Your instructions
What you return should be only the lines in the entries below between the one holding "Logo Joomla." and the one holding "Shark Fabric Necktie", ends included, with every picture left out.

Data for the task

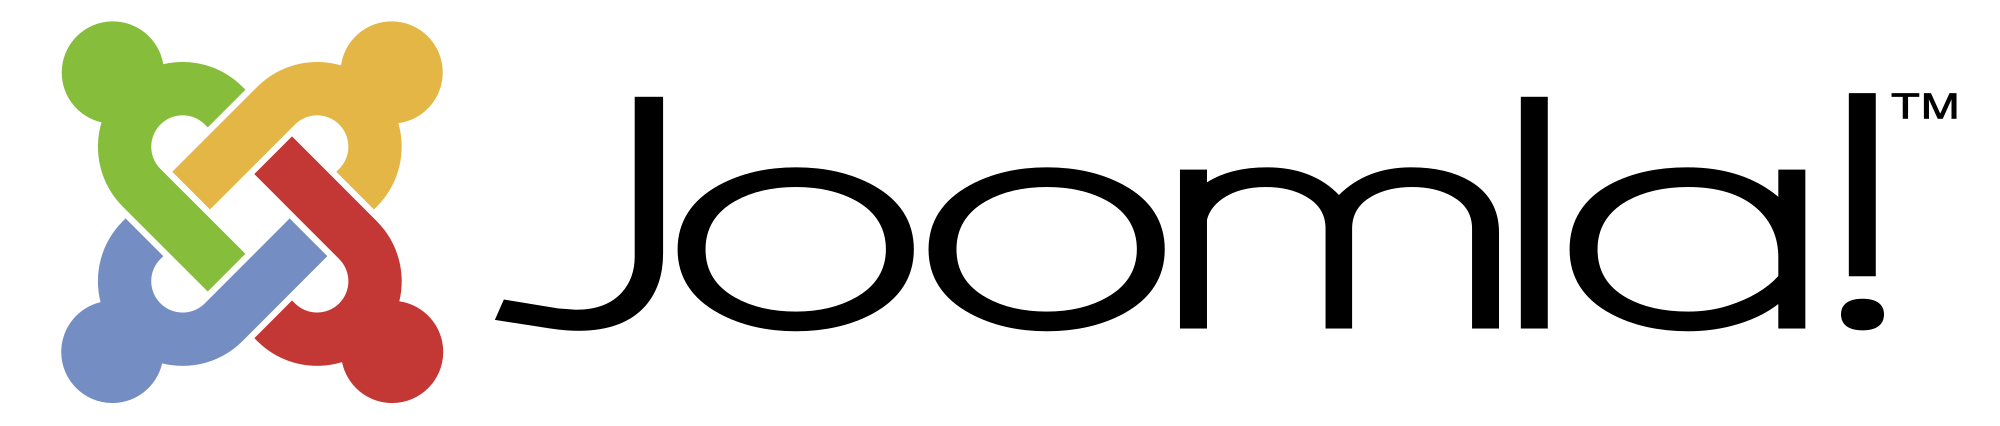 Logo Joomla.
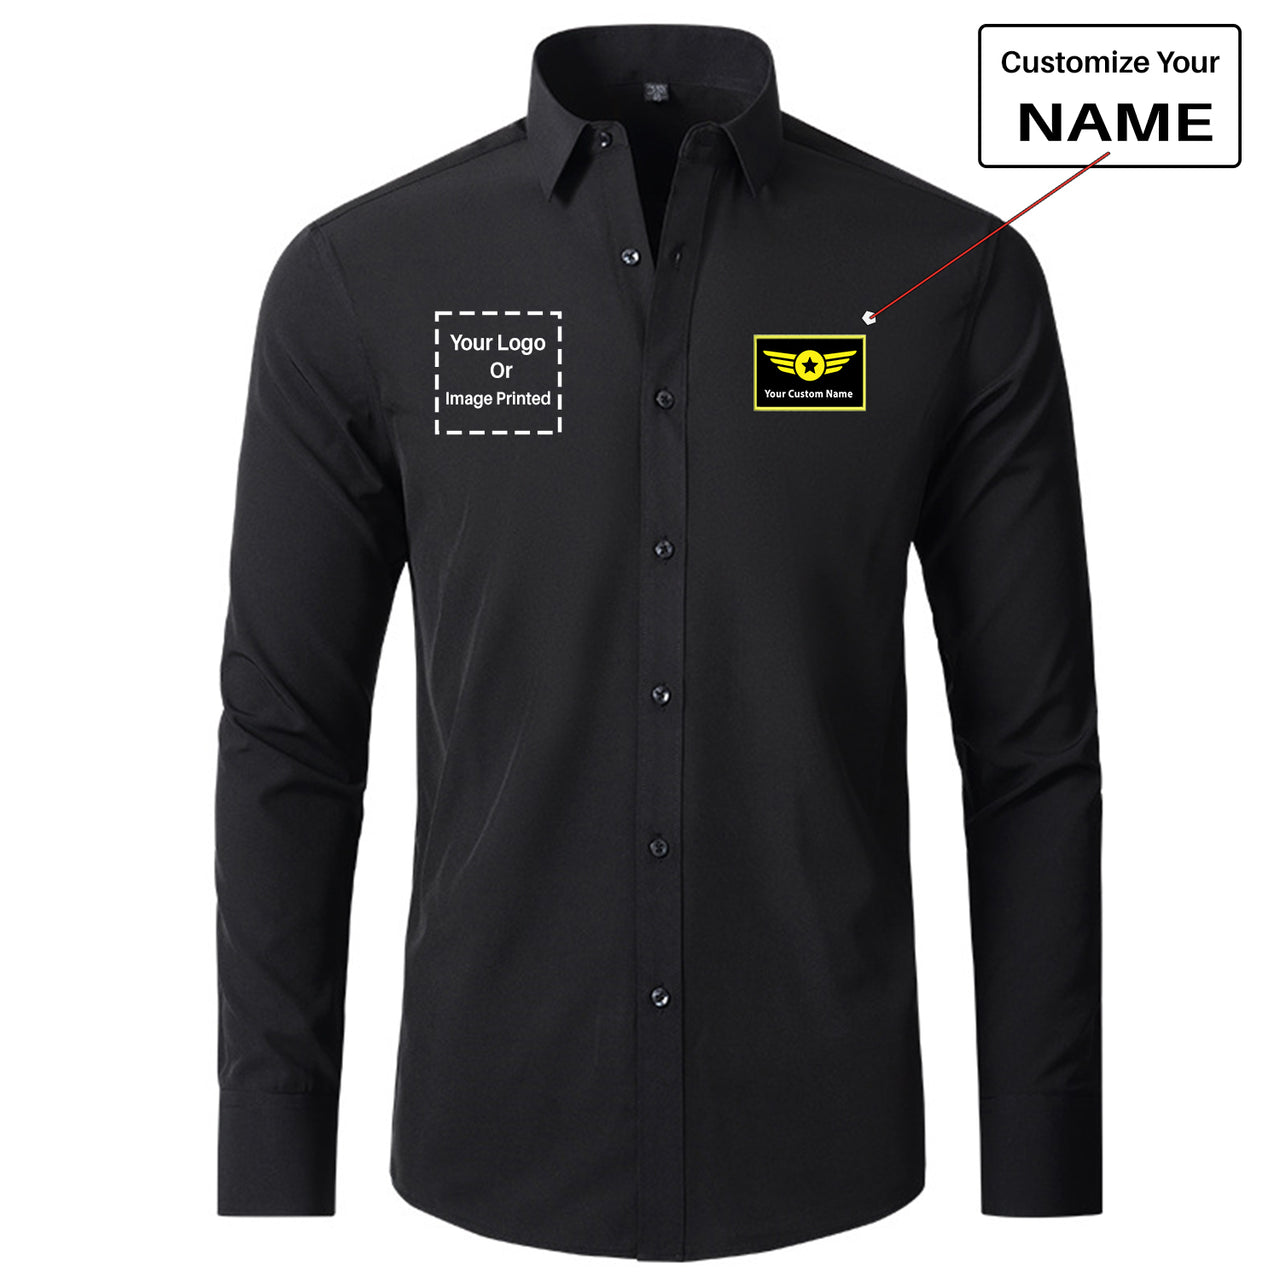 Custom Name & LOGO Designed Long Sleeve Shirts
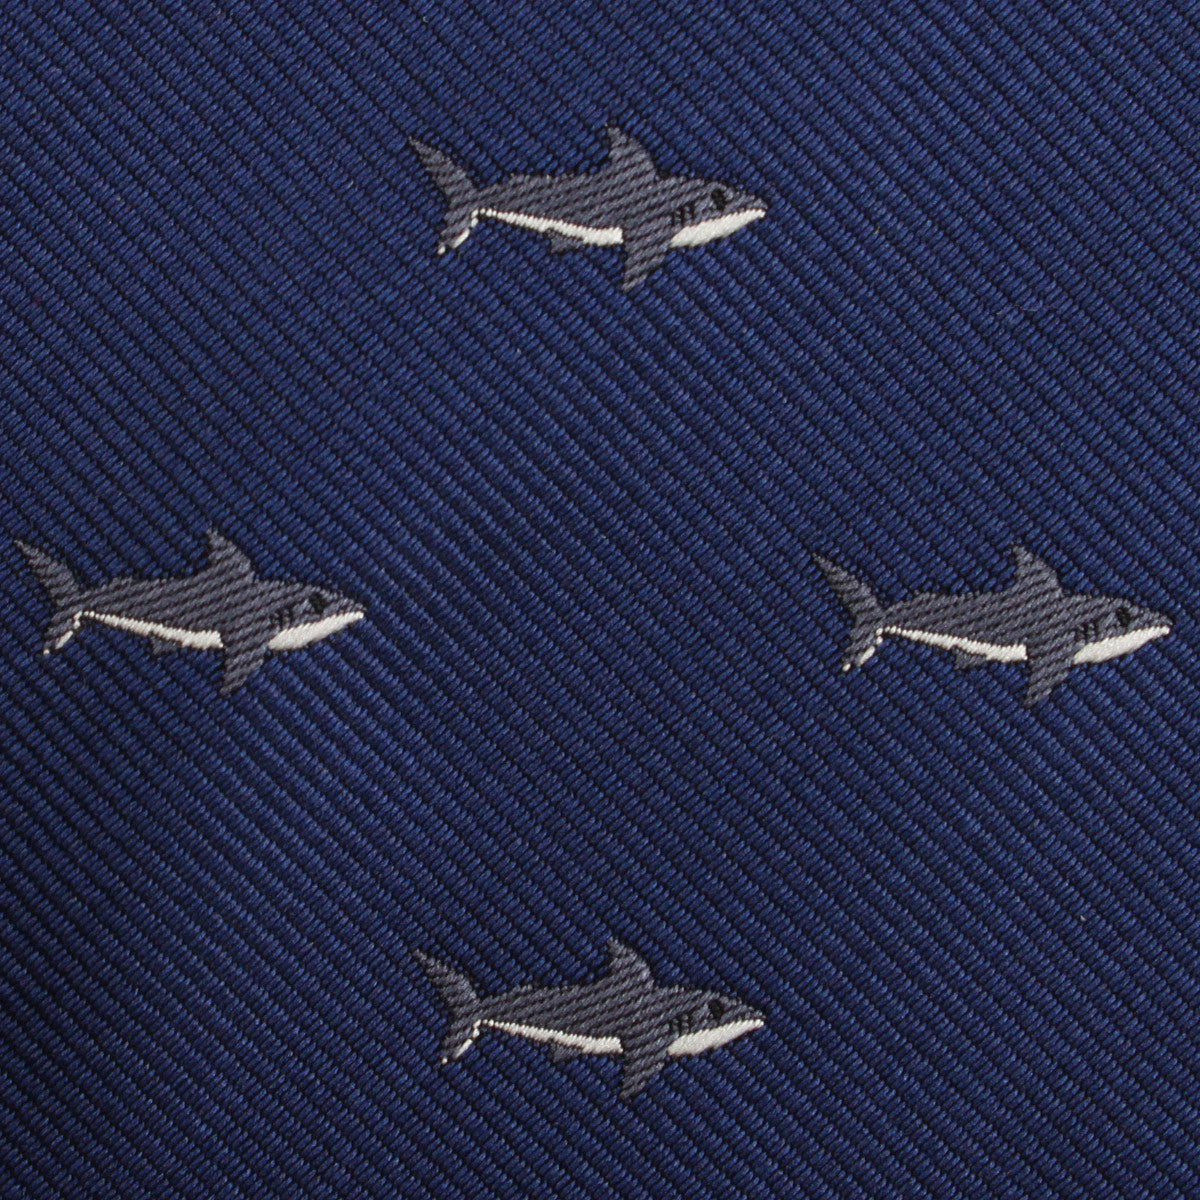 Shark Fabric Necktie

--

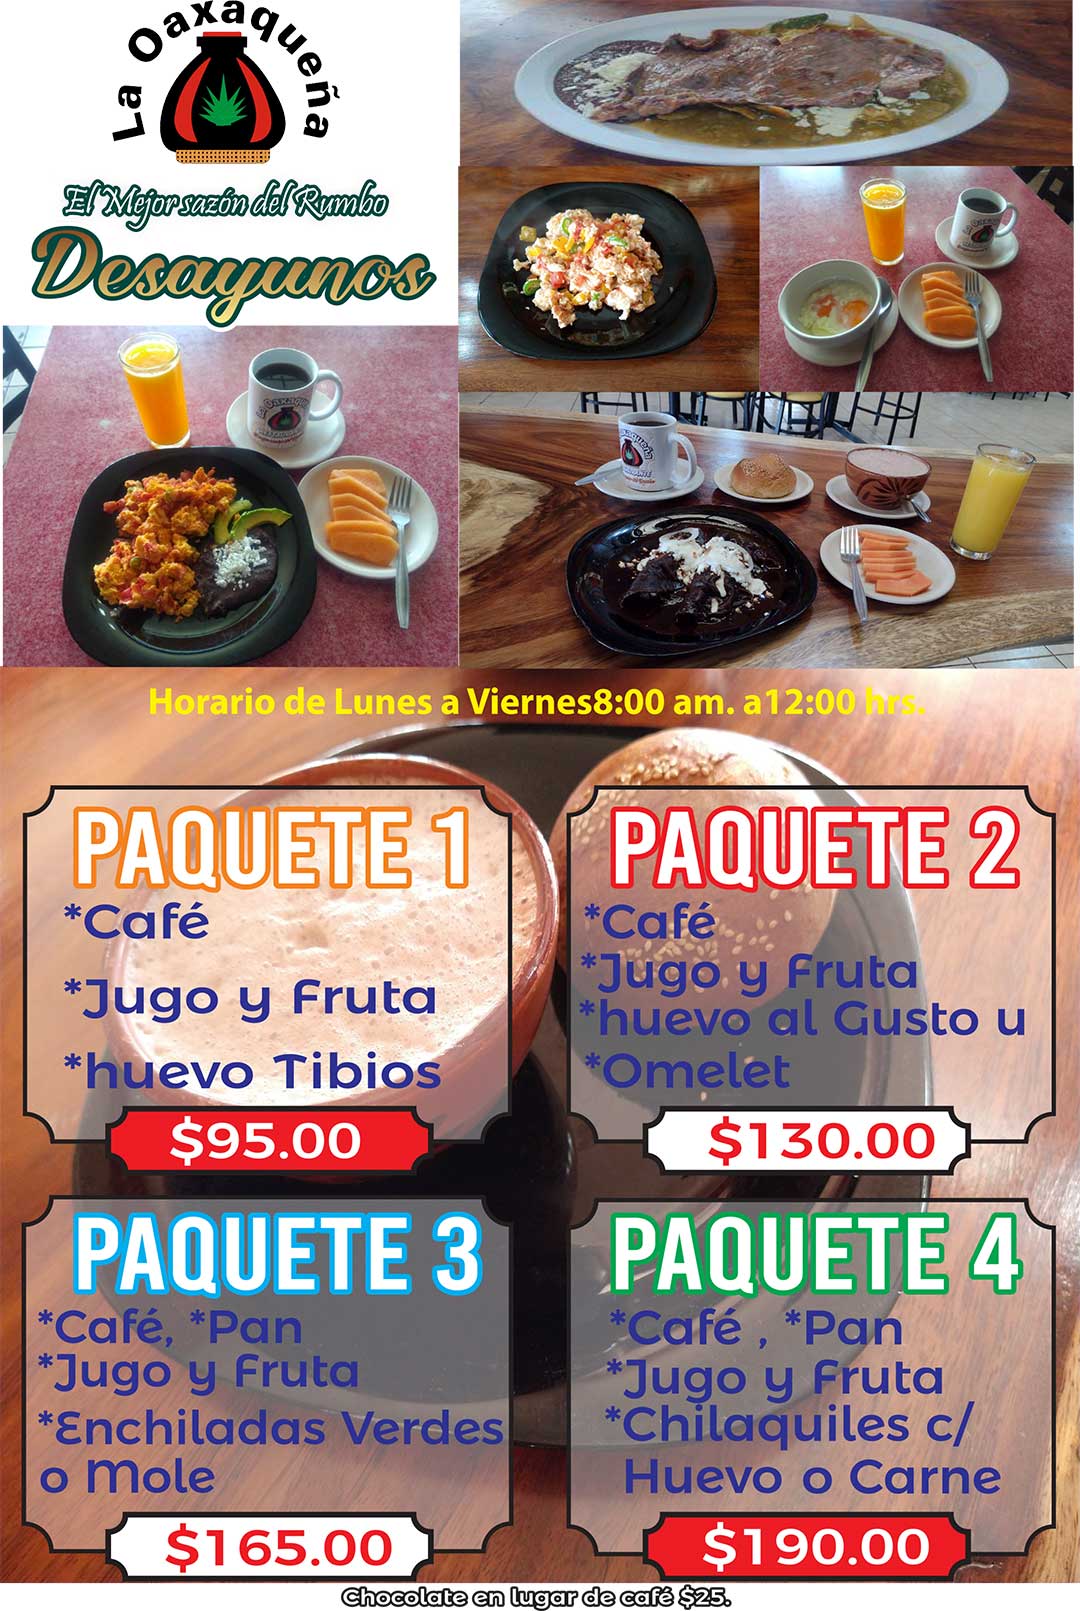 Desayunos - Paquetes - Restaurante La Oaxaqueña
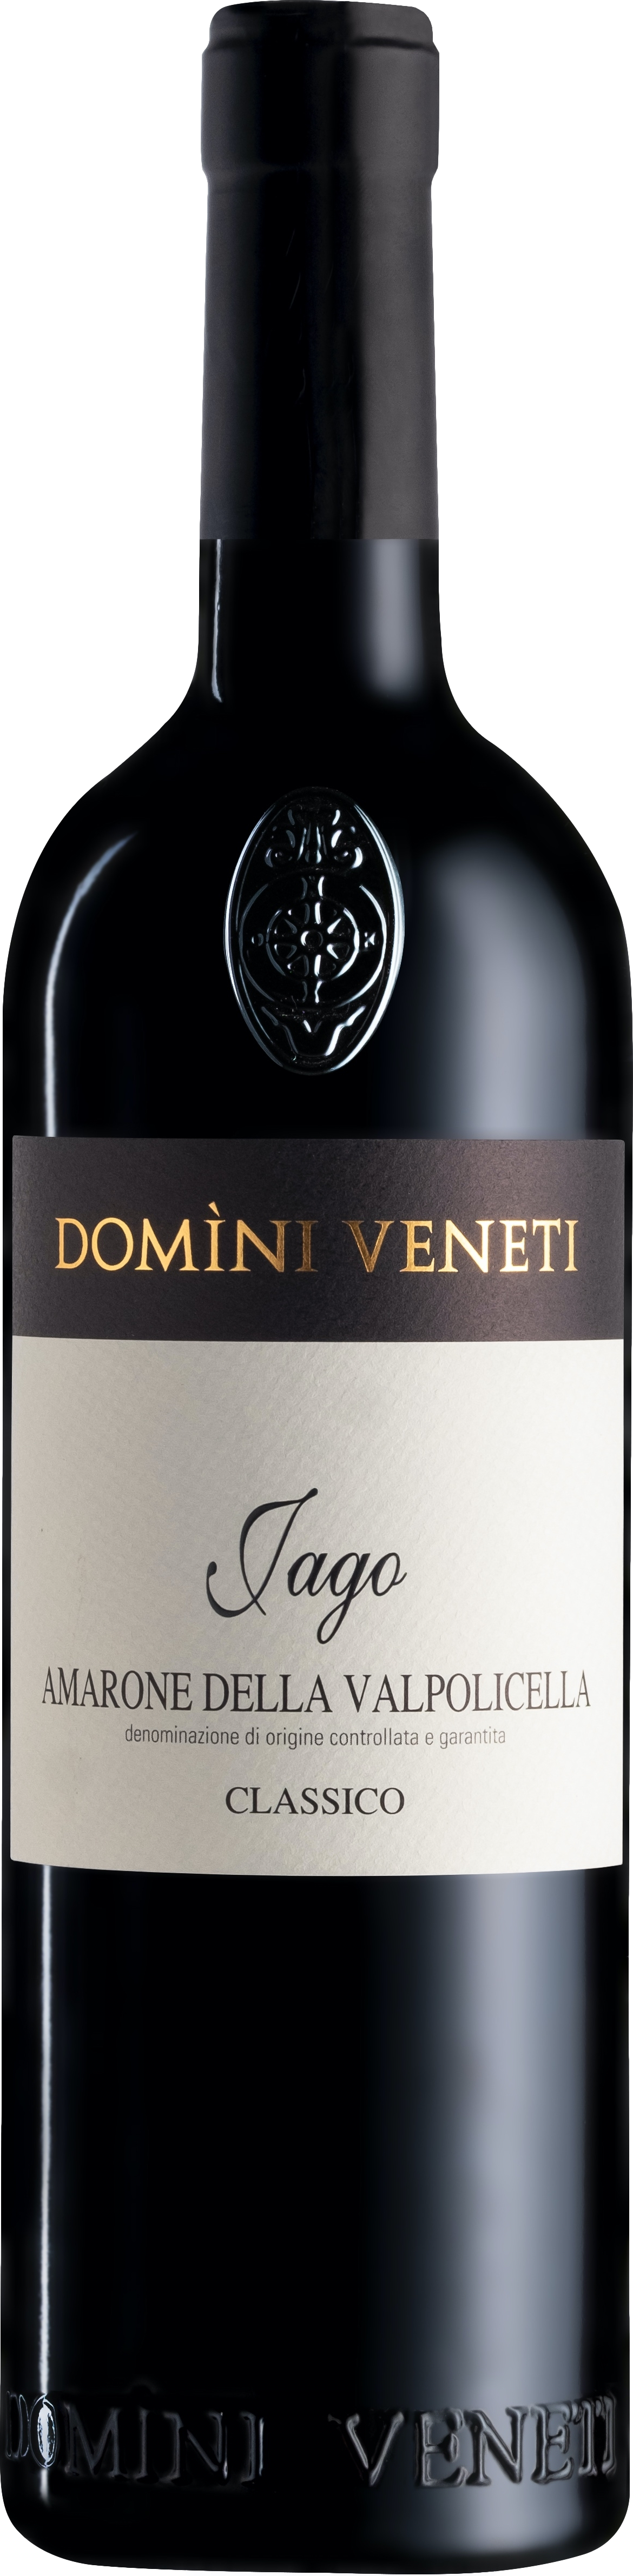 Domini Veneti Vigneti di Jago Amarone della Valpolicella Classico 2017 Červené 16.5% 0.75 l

==

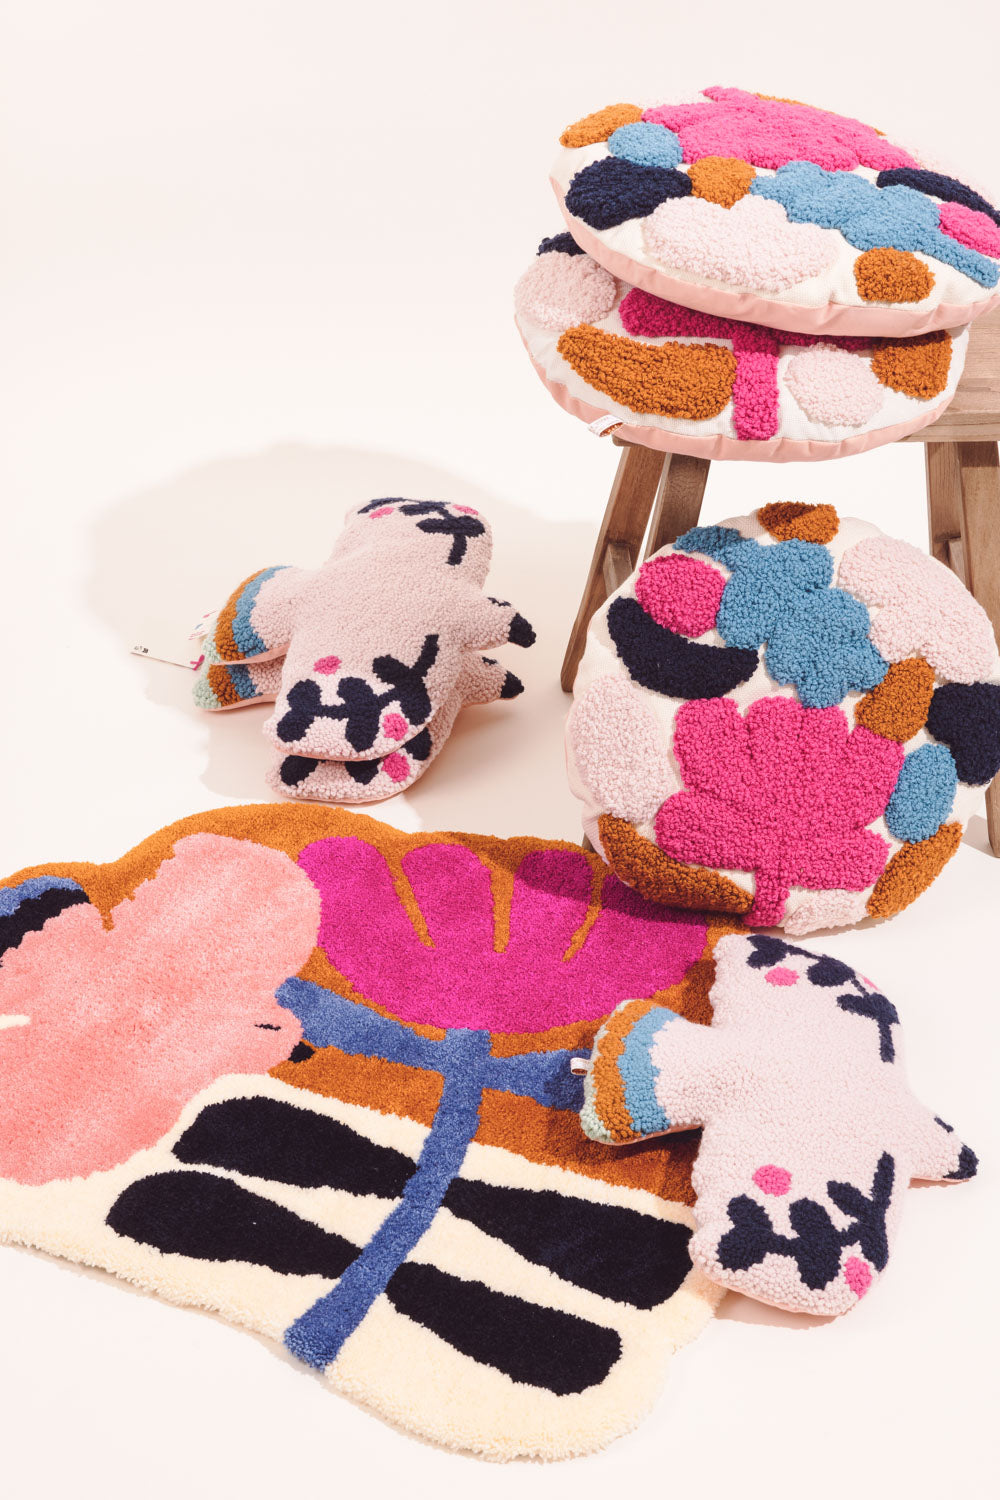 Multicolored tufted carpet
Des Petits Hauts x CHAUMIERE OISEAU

Solved exercise
 Logo Joomla.
 Custom Name & LOGO Designed Long Sleeve Shirts
 Shark Fabric Necktie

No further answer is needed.